* TASK ITEM:
A faithful copy of the listing below is needed, one that contains no pictures.

* DATA EXTRACT:
• • • • • • •

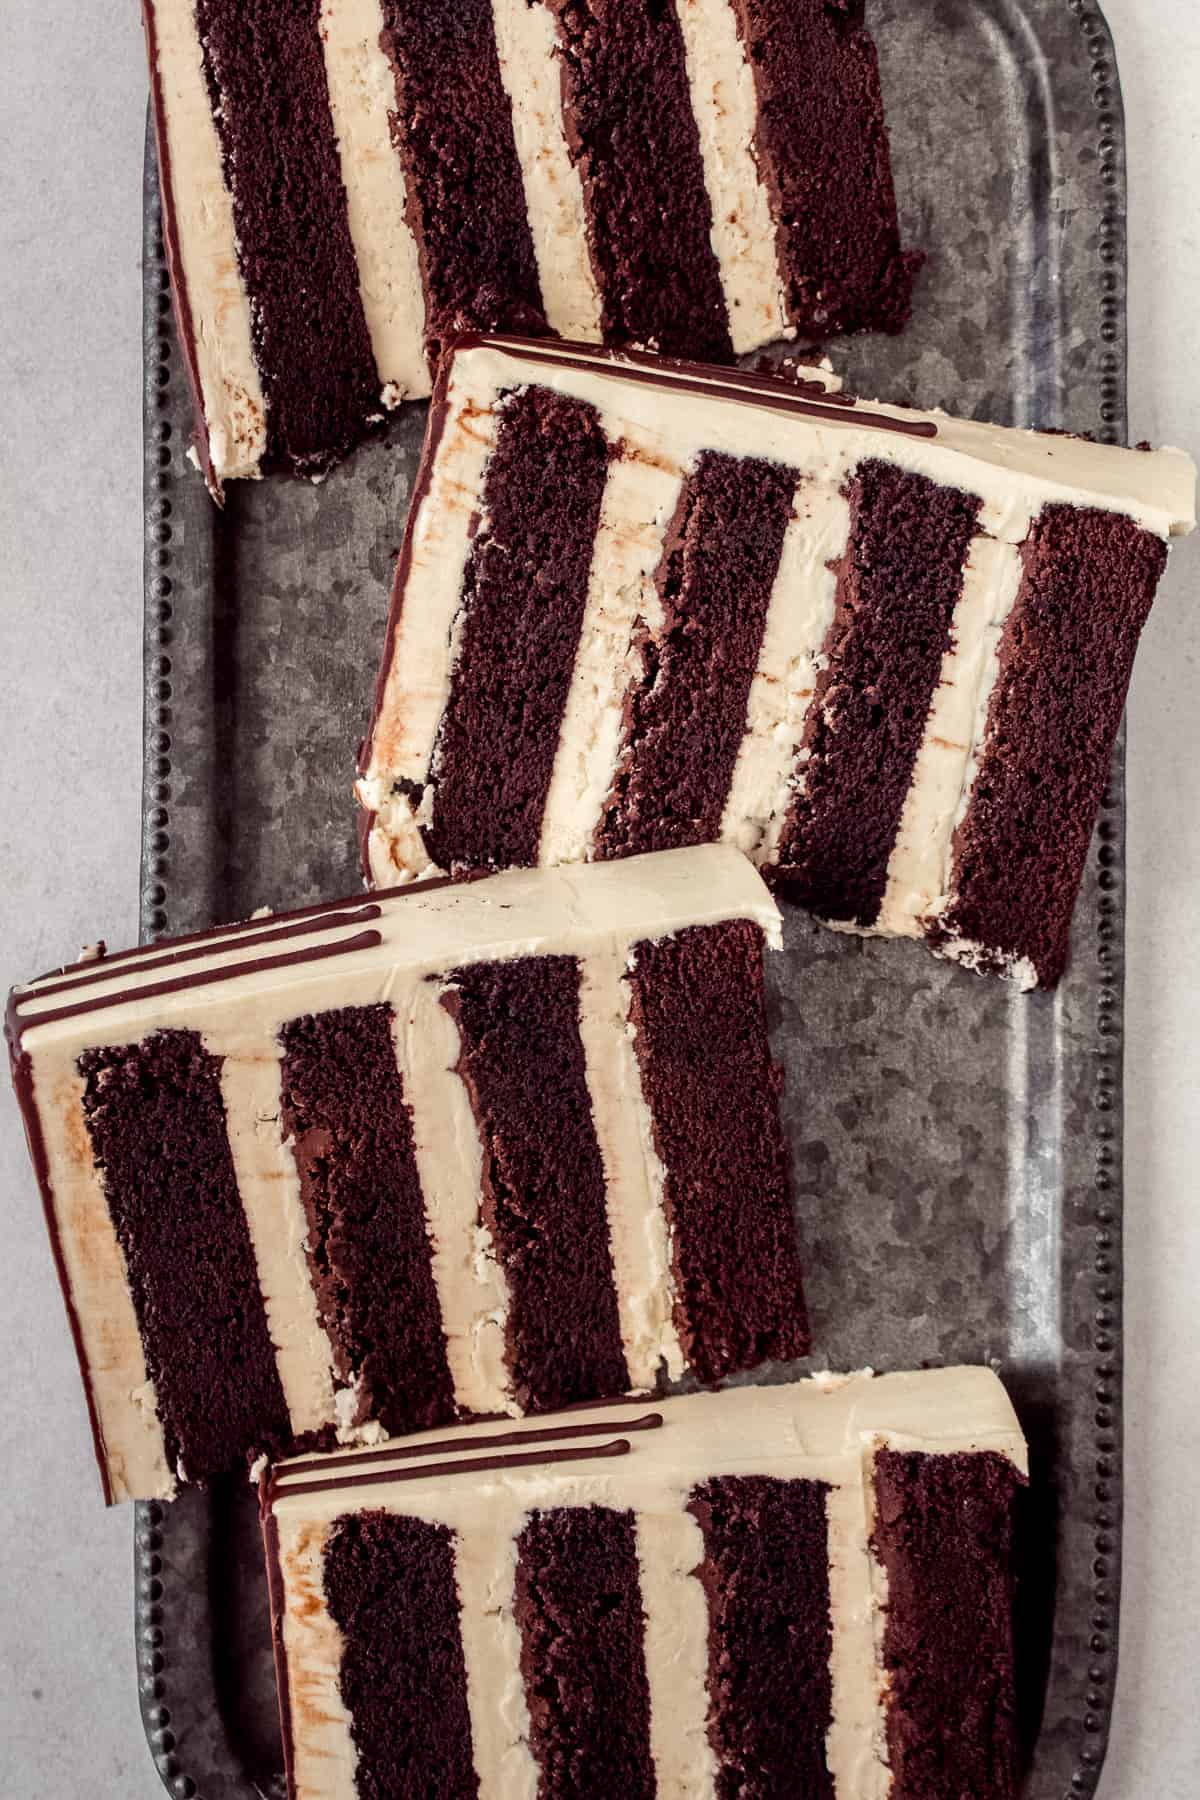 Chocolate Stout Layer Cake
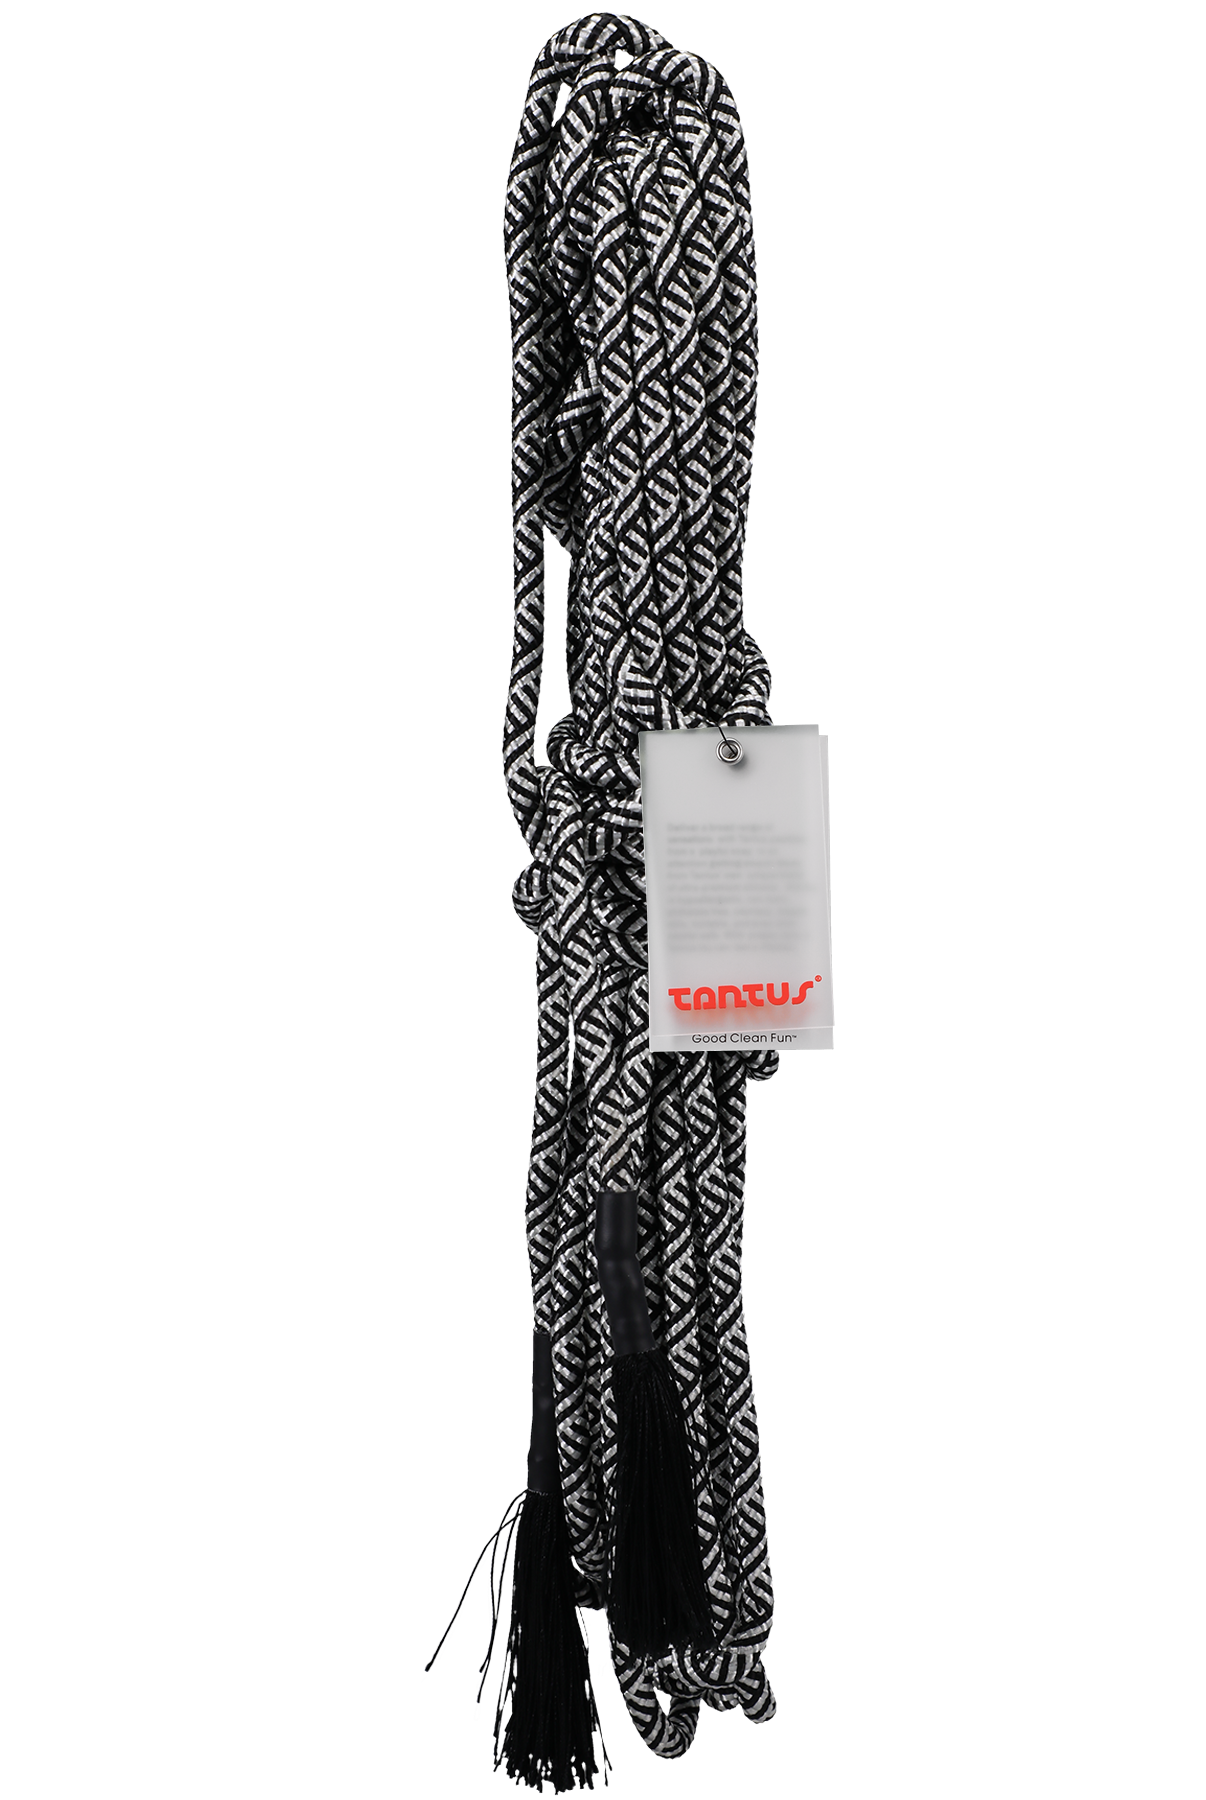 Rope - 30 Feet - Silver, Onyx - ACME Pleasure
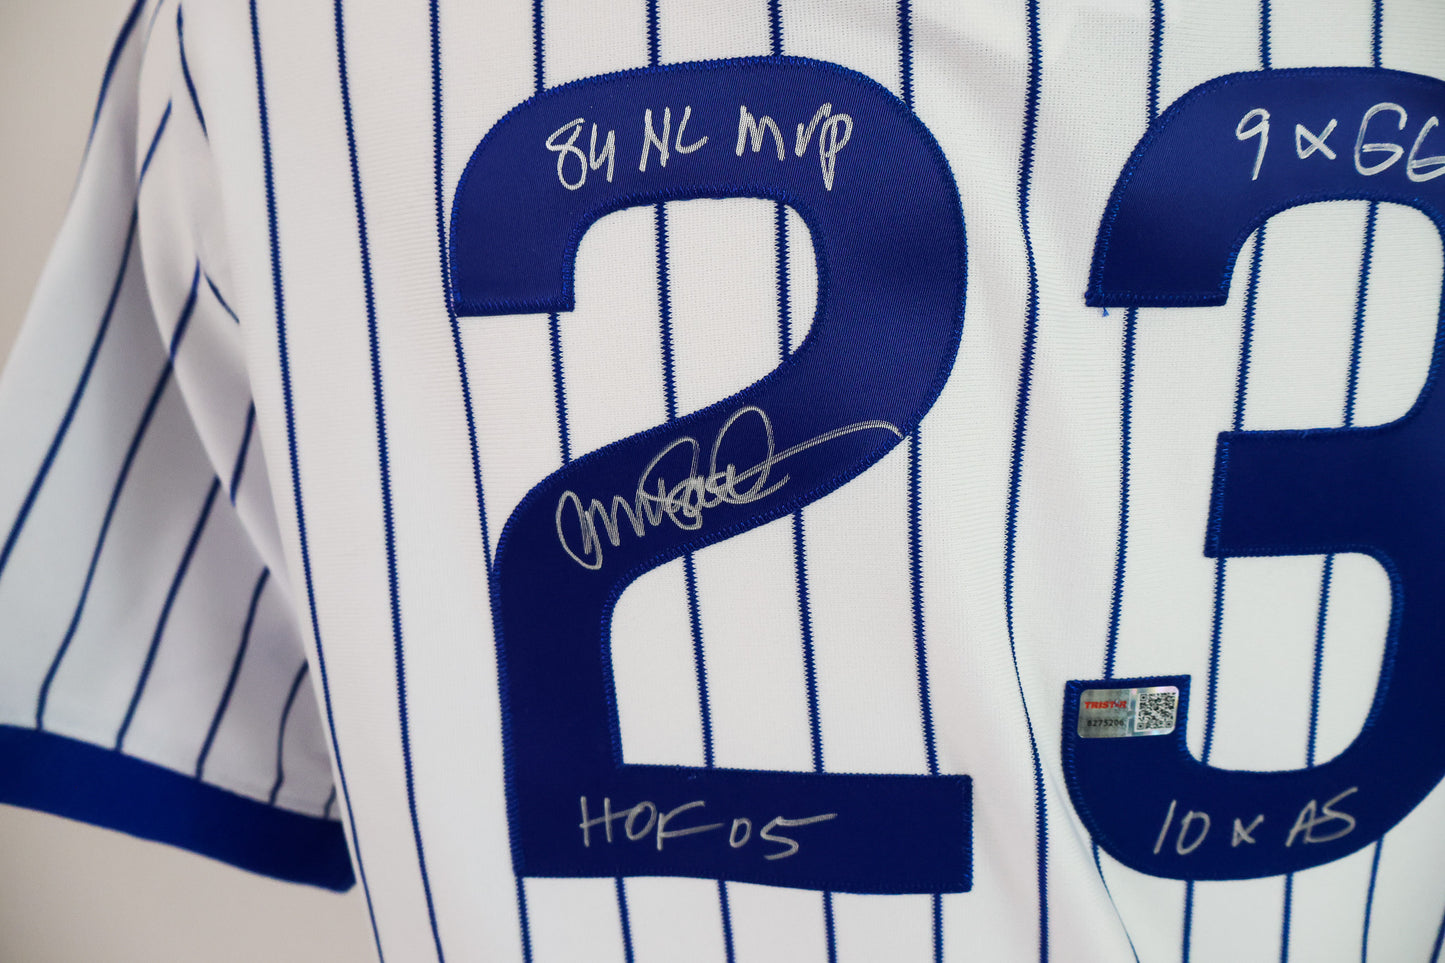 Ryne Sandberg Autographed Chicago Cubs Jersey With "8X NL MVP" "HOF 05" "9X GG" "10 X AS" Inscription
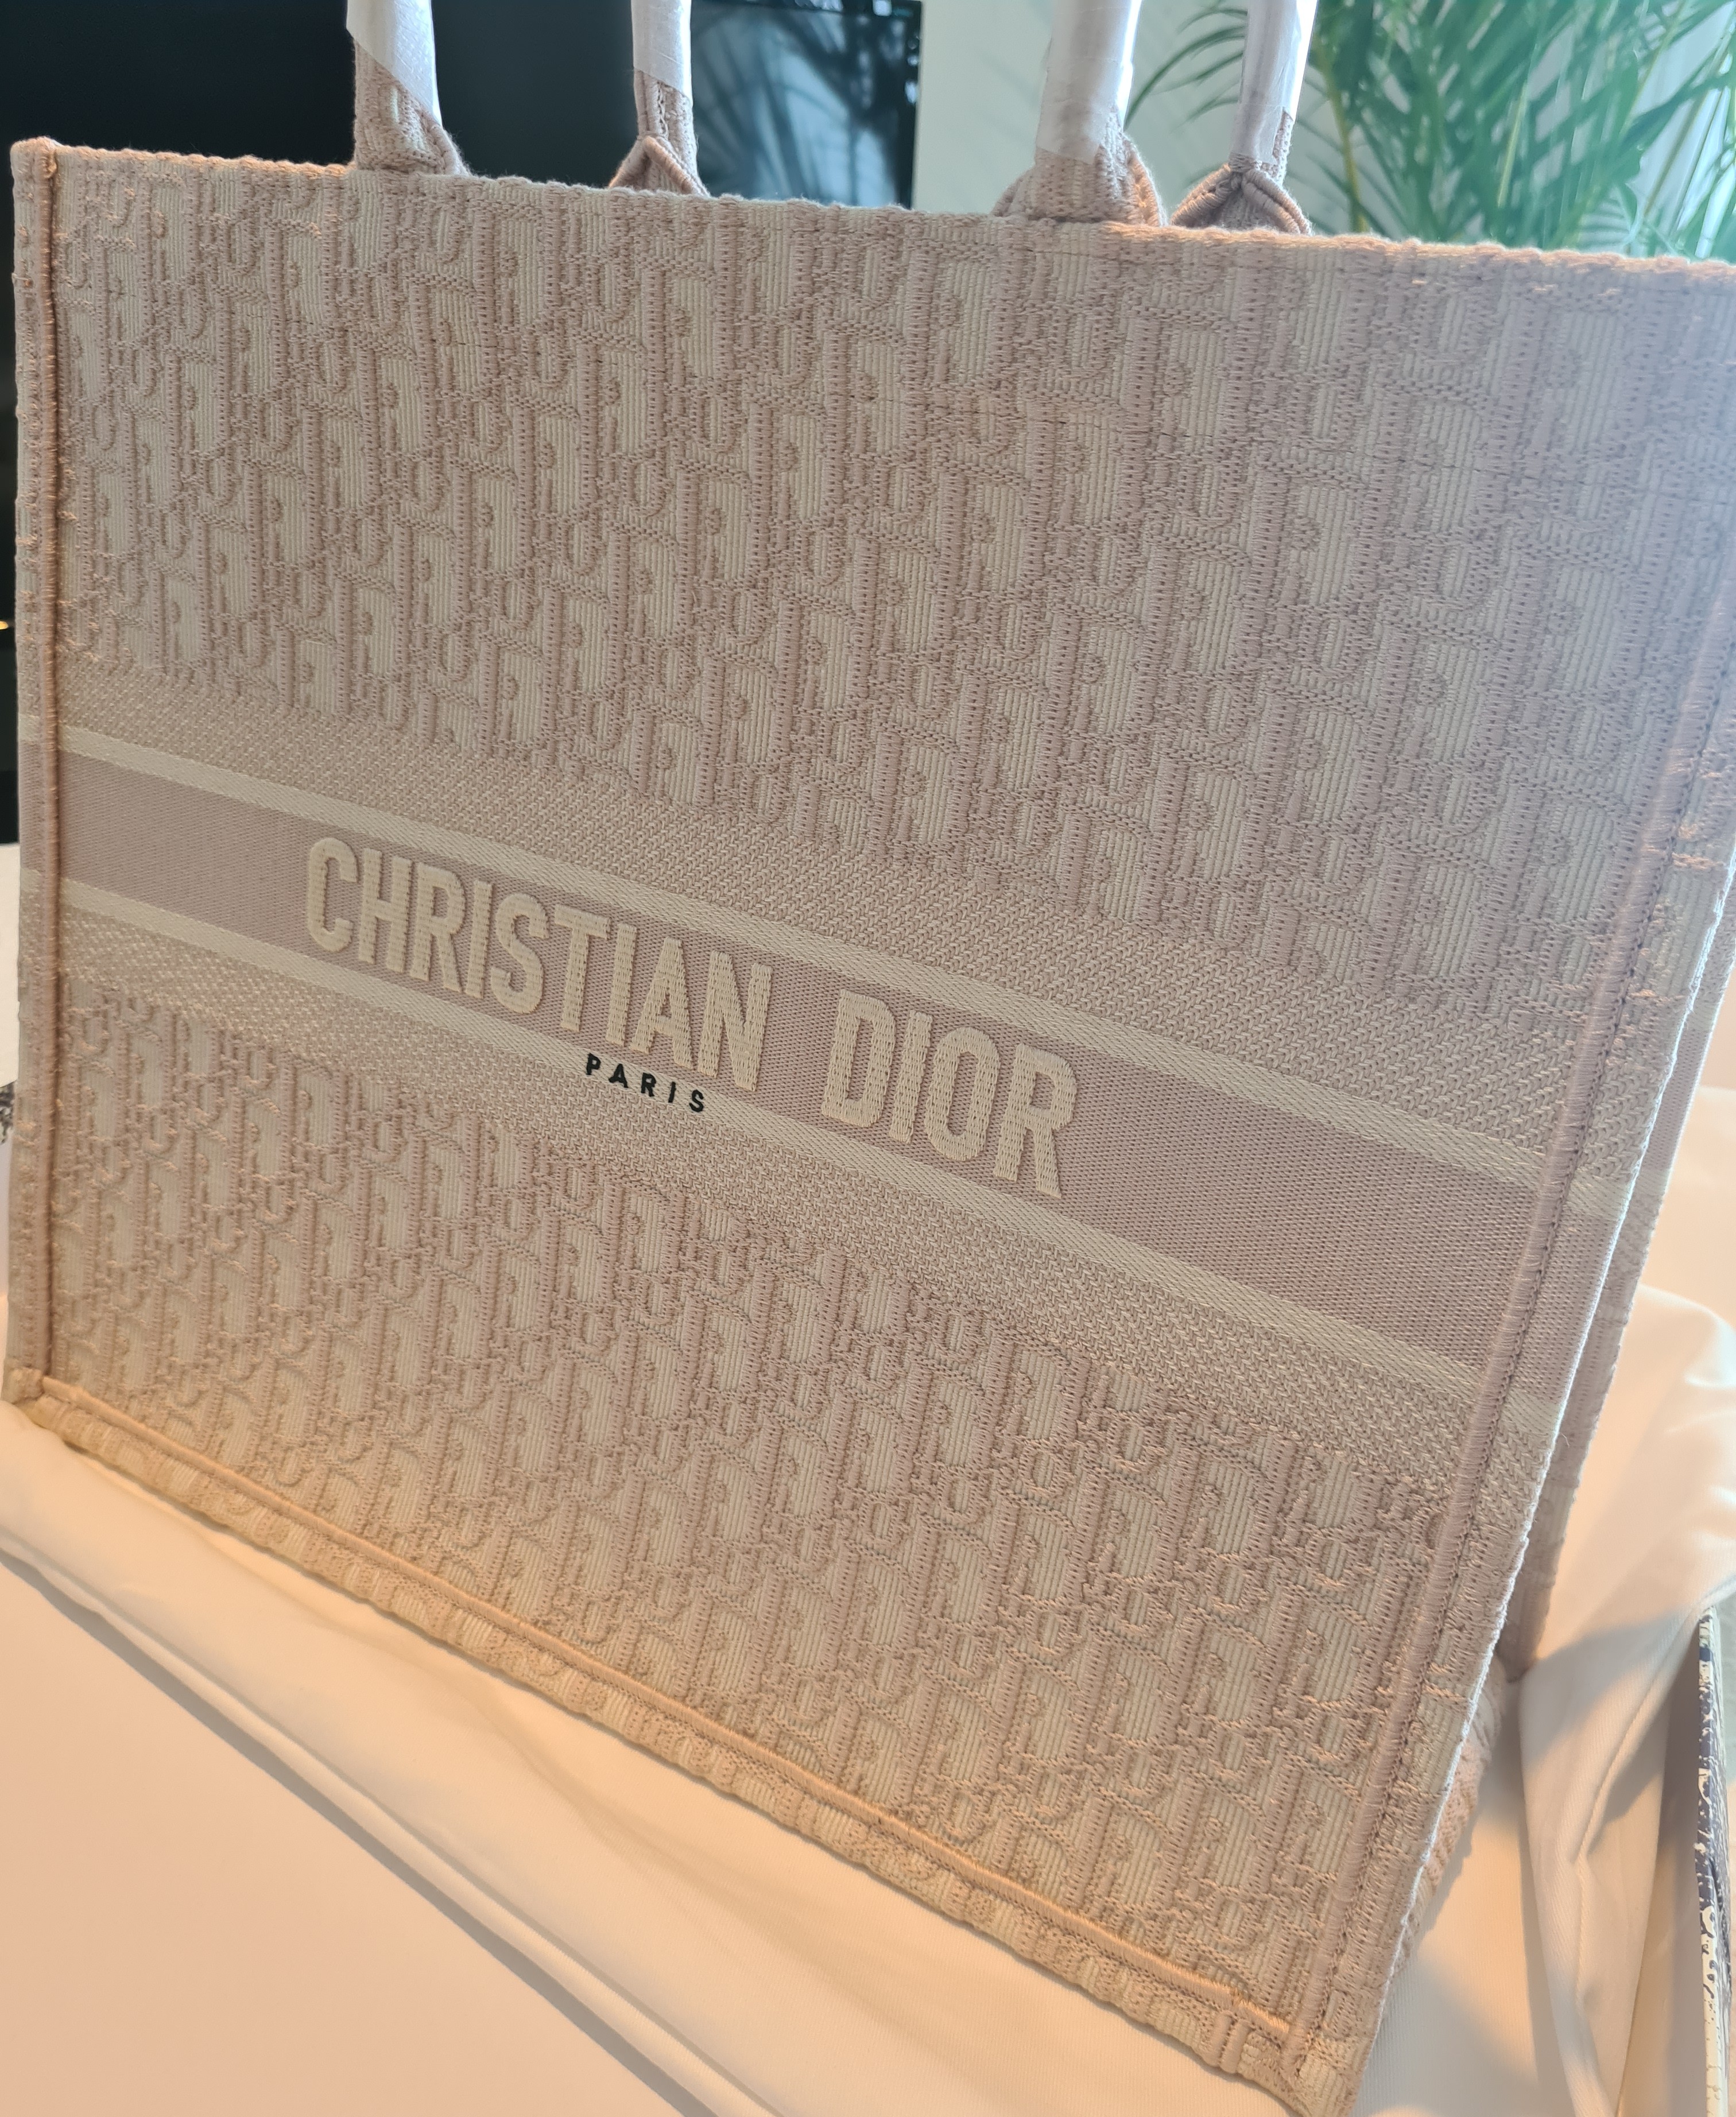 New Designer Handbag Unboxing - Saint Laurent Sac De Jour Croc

• • • • • • •

* ANSWER TO THE PROBLEM:
 Chocolate Stout Layer Cake
 Rope - 30 Feet - Silver, Onyx - ACME Pleasure
 Ryne Sandberg Autographed Chicago Cubs Jersey With "8X NL MVP" "HOF 05" "9X GG" "10 X AS" Inscription
 New Designer Handbag Unboxing - Saint Laurent Sac De Jour Croc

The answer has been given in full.